AKCEPTUJĘ
  • Strona używa plików cookies, korzystanie z niej oznacza, że pliki te zostaną zamieszczone na Twoim urządzeniu. więcej »

Z daleka widok jest piękny

Burmistrz, reż. Ewa Ignaczak, Teatr Gdynia Główna i Stajnia Pegaza
Absolwentka Uniwersytetu Gdańskiego, doktor nauk humanistycznych. Referentka krajowych i międzynarodowych konferencji naukowych poświęconych literaturze i kulturze. Publikowała m.in. w internetowym „Dzienniku Teatralnym” oraz w miesięczniku „Teatr”. Współpracowała z Centrum Sztuki Współczesnej „Łaźnia” i Nadbałtyckim Centrum Kultury w Gdańsku. Mieszka w Gdyni.
A A A
Fot. Marzena Chojnowska  

Po powstałego niemal dekadę temu Burmistrza Małgorzaty Sikorskiej-Miszczuk teatr sięga(ł) zastanawiająco rzadko.

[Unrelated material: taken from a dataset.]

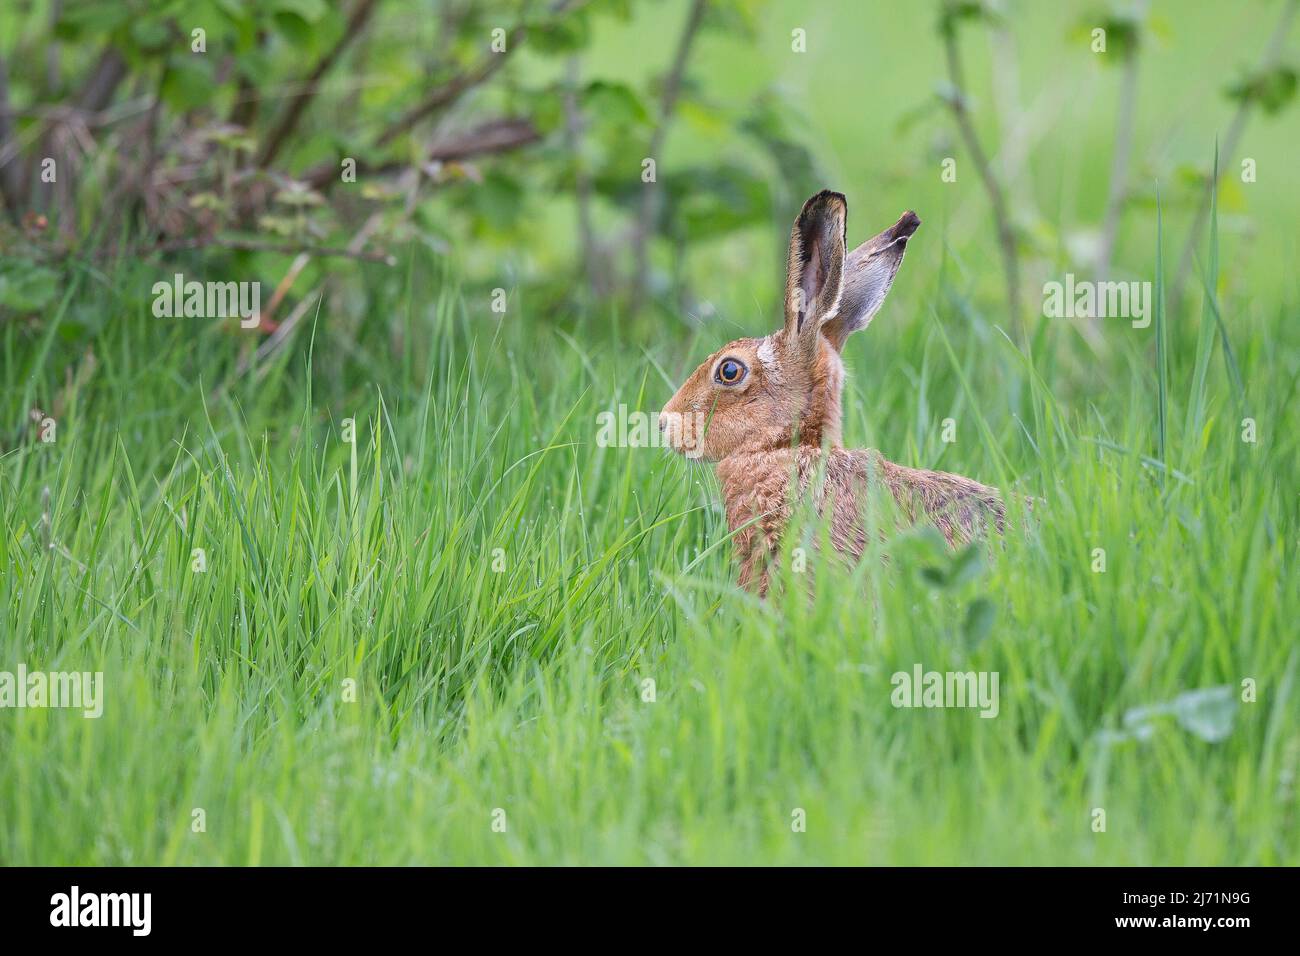 Side view of a wild brown hare (Lepus europaeus) on alert with ears pricked up in wet grass, UK countryside. Stock Photo

Słuchowisko Marka Kotańskiego z 2011 roku (Scena Teatralna Trójki) i spektakl Marii Kwiecień sprzed dwóch lat (Produkcja Konfrontacji Teatralnych) to jaskółki, które w kwestii scenicznego nieistnienia znakomitego dramatu Sikorskiej-Miszczuk wiosny nie uczyniły.

Sam temat sztuki – masowe morderstwo Żydów popełnione przez Polaków w 1941 roku w Jedwabnem, ale i współczesny wątek Krzysztofa Godlewskiego, walczącego z antysemityzmem byłego burmistrza miasteczka – od dwudziestu lat, czyli od momentu ujawnienia zbrodni, budzi te same emocje –uniemożliwiające dyskusję, wyrażane w histerycznym wrzasku bądź zamykane w uporczywym milczeniu. „Potrzebny jest czas” – woła tytułowy bohater Burmistrza. „Ile jeszcze?” – pyta Ewa Ignaczak, reżyserka najnowszej adaptacji dramatu Sikorskiej-Miszczuk.

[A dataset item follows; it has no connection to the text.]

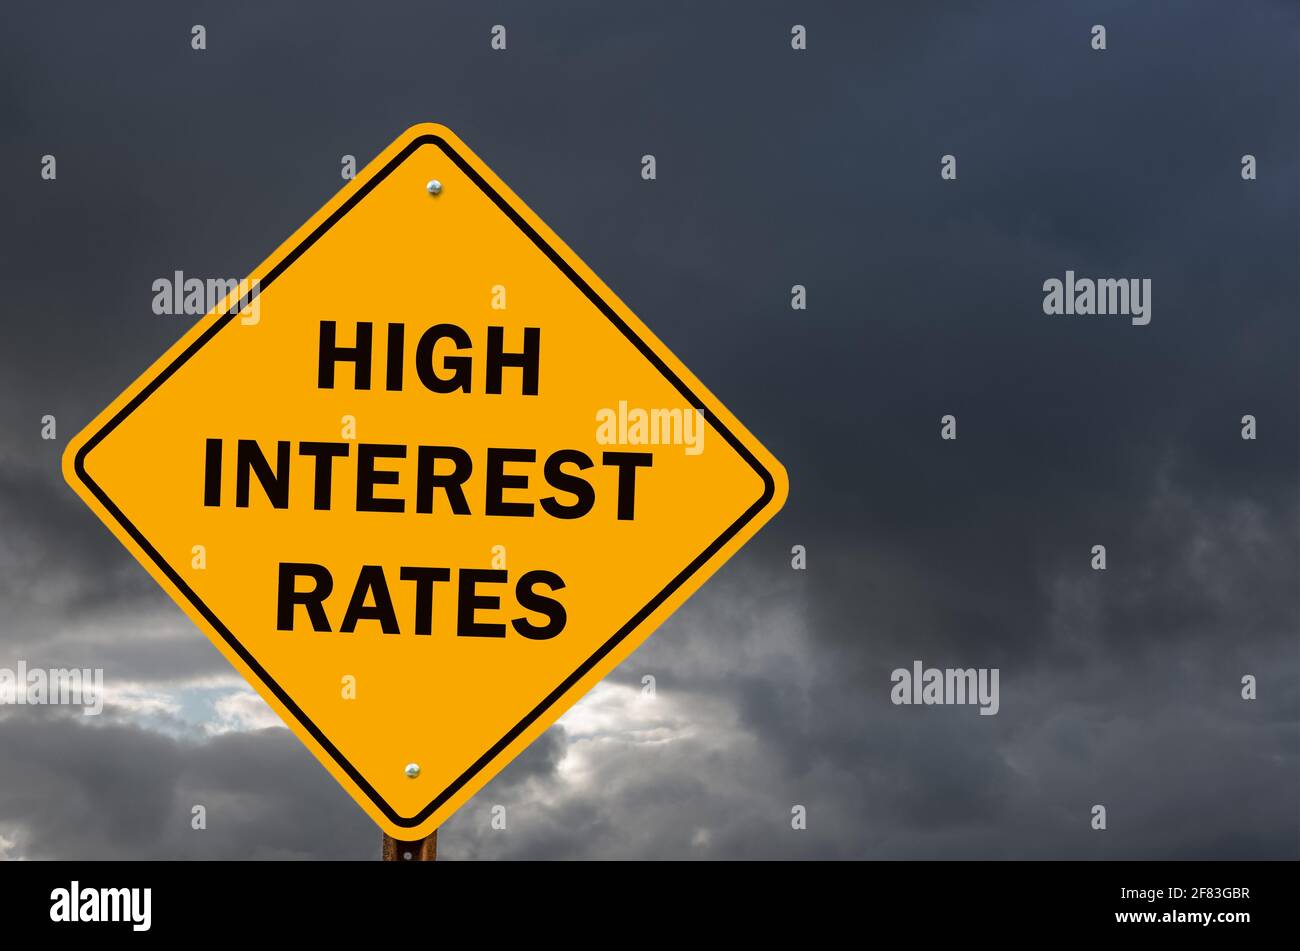 Conceptual warning road sign about high interest rates with storm clouds in background Stock Photo

Ignaczak, współzałożycielka i dyrektorka gdyńskiego Teatru Gdynia Główna, obchodzi w tym roku 35-lecie pracy artystycznej. Wybór tekstu na jubileuszowe przedstawienie i jego sceniczny kształt koresponduje z dotychczasowym, niezwykle bogatym dorobkiem reżyserki, będącej jedną z najbardziej rozpoznawalnych postaci na mapie polskiego offu teatralnego. Ignaczak, w ostatnich latach w Teatrze Gdynia Główna adaptująca między innymi Gombrowicza czy Kapuścińskiego, raczej unika konkretyzacji, skupiając się zazwyczaj na tym, co w danym tekście uniwersalne. Tak jest i tym razem. Z dramatu Sikorskiej-Miszczuk Ignaczak wyłuskuje przede wszystkim pytanie o prawdę i (nie)pamięć, o ich lokalizację w przestrzeni obłudnego (także lokalnego) patriotyzmu, o przetwarzające je mechanizmy notorycznego rozgrzeszania i kompulsywnego pragnienia niewinności. Także formalnie Burmistrz nie odbiega od wcześniejszych spektakli Ignaczak – ciasna, ciemna przestrzeń, ograniczona do minimum scenografia, zrytmizowana, akcentująca cielesność gra niewielkiego zespołu aktorskiego są nośnikami zbudowanych na surrealistycznych grach słownych fraz dramatu.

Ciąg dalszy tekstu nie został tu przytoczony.